Отец стоял в синей поддёвке и жёлтой шёлковой рубахе, на складках шёлка блестел огонь лампад, и Матвею казалось, что грудь отца охвачена пламенем, а голова и лицо раскалились.

Матвея нарядили в красную рубаху, плисовые синие штаны и сапоги зелёного сафьяна на мягкой подошве, по-татарски расшитые жёлтым и красным.

Свидетелями были лекарь, дьячок, Пушкарь и огромный чернобородый мужик из Балымер, Яков, дядя невесты. Венчались в будни, народу в церкви было немного, но в тёмной пустоте её всё время гулко звучал сердитый шёпот баб. Около Матвея стояла высокая, костлявая старуха, вся в чёрном, как монахиня, и шипела, перекоряясь с Власьевной.

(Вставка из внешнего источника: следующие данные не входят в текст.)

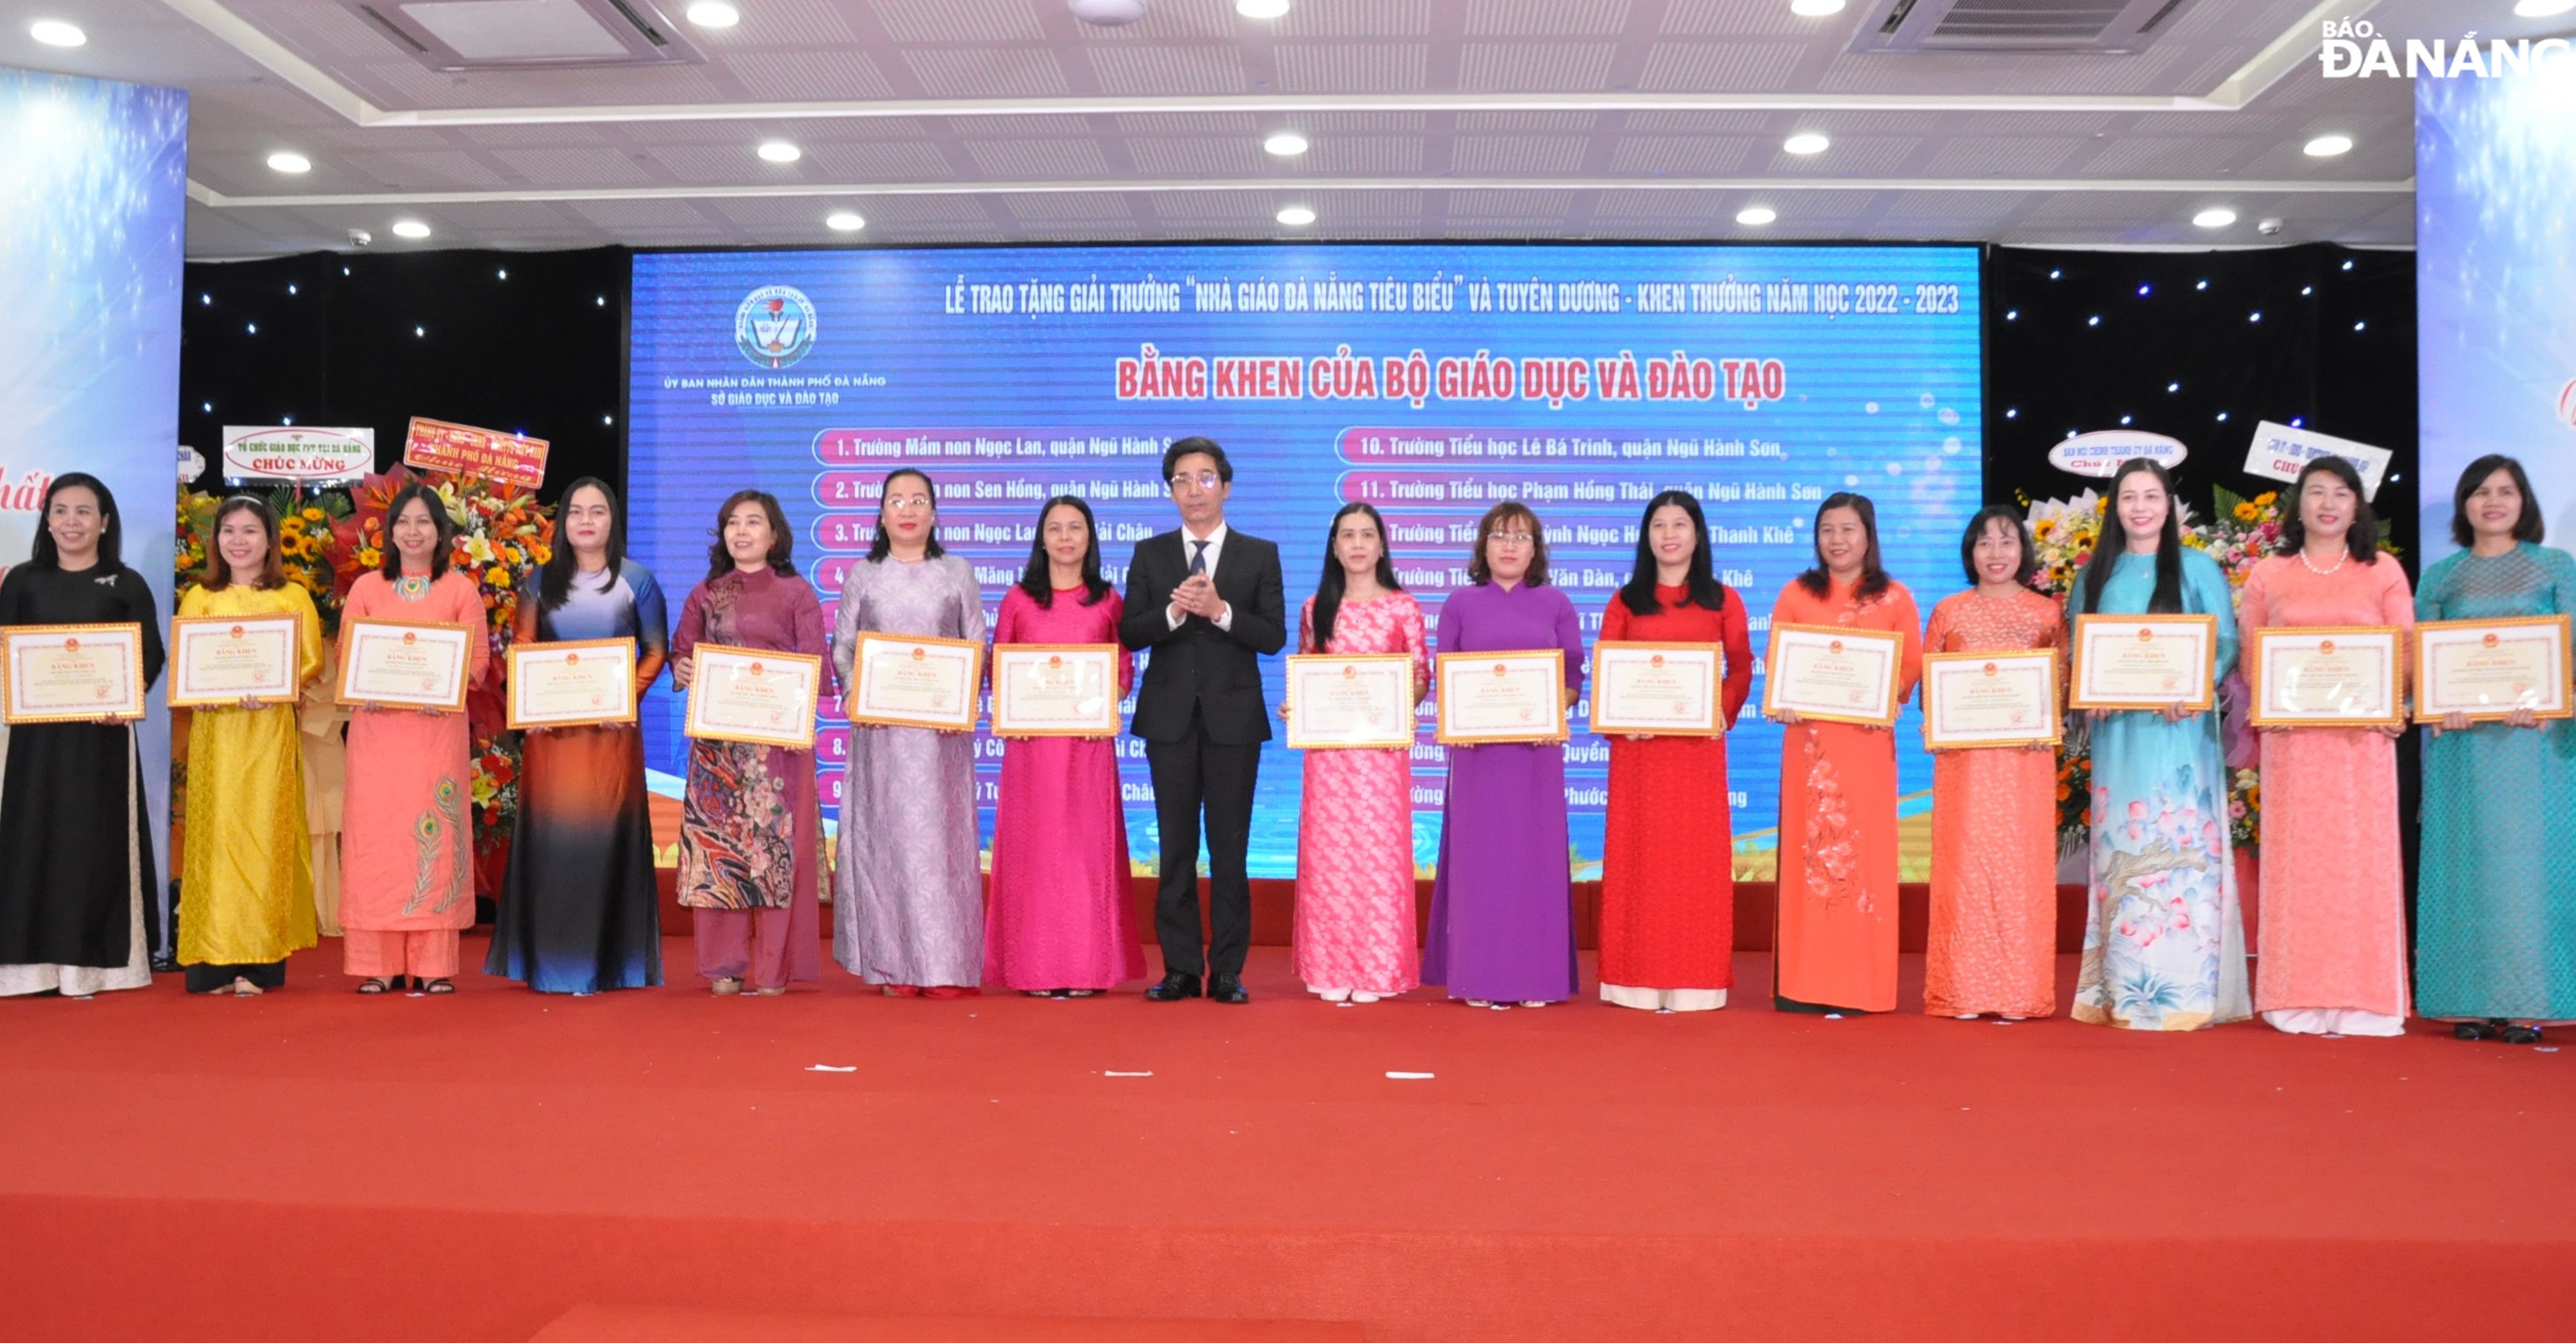 Phó Chủ tịch UBND thành phố Trần Chí Cường (thứ 8, bên trái sang) tặng bằng khen của Bộ GD&ĐT cho các tập thể. Ảnh: LÊ HÙNG

– Тоже и про твоего хозяина нехорош слушок ходит…

– Всё-таки, сударыня моя, не чета он ей…

– Чёт – нечет, судьба мечет, а ты тут при чём будешь?

Матвей думал:

«Что ж отец Власьевну-то не прогнал?»

После обряда невеста попросилась идти домой по улице в венцах и с попом, но отец кратко сказал:

– Не надо!

По церкви поплыл глухой и грозный гул.

Шли домой. Матвей шагал впереди всех без картуза: он нёс на груди икону, держа её обеими руками, и когда, переходя дорогу, споткнулся, то услышал подавленный и как будто радостный крик Власьевны:

– Ой, запнулся!

Всю дорогу вслед за свадебным шествием бежала пёстрая собака; иногда она обгоняла людей; высокая старуха, забегая вперёд Матвея, грозила собаке пальцем и шипела:

– Чтоб те розорвало, окаянную!

А чернобородый мужик на всю улицу сказал:

– Пёстрое житьё-то сулит!

Пришли домой, на дворе бабы начали о чём-то спорить, молодая испуганно глядела на них голубыми глазами и жалобно говорила:

– Тётеньки, не знаю я, как это…

– Где хмель-от? – спрашивала чёрная старуха.

А кто-то злорадно удивлялся:

– Не знаи-ить, бабоньки, ай да молодуха! Не знаить, слышите!

Толстая баба, похожая на двухпудовую гирю, дёргала молодую за рукав, убеждая:

– А ты – во-ой! Ты вой!

И вдруг молодуха, вытаращив глаза, пронзительно запела:

Ой, бедная я, несчастная,
Ни подружек у меня, ни сватеек,
Ни отца родного, ни матери,
Не подарят мне, сиротинушке,
Ни овечки, ни телёночка…

– Дура! – строго и презрительно закричала чёрная старуха. – Это когда надо было выть? Перед церковью, ду-урёха!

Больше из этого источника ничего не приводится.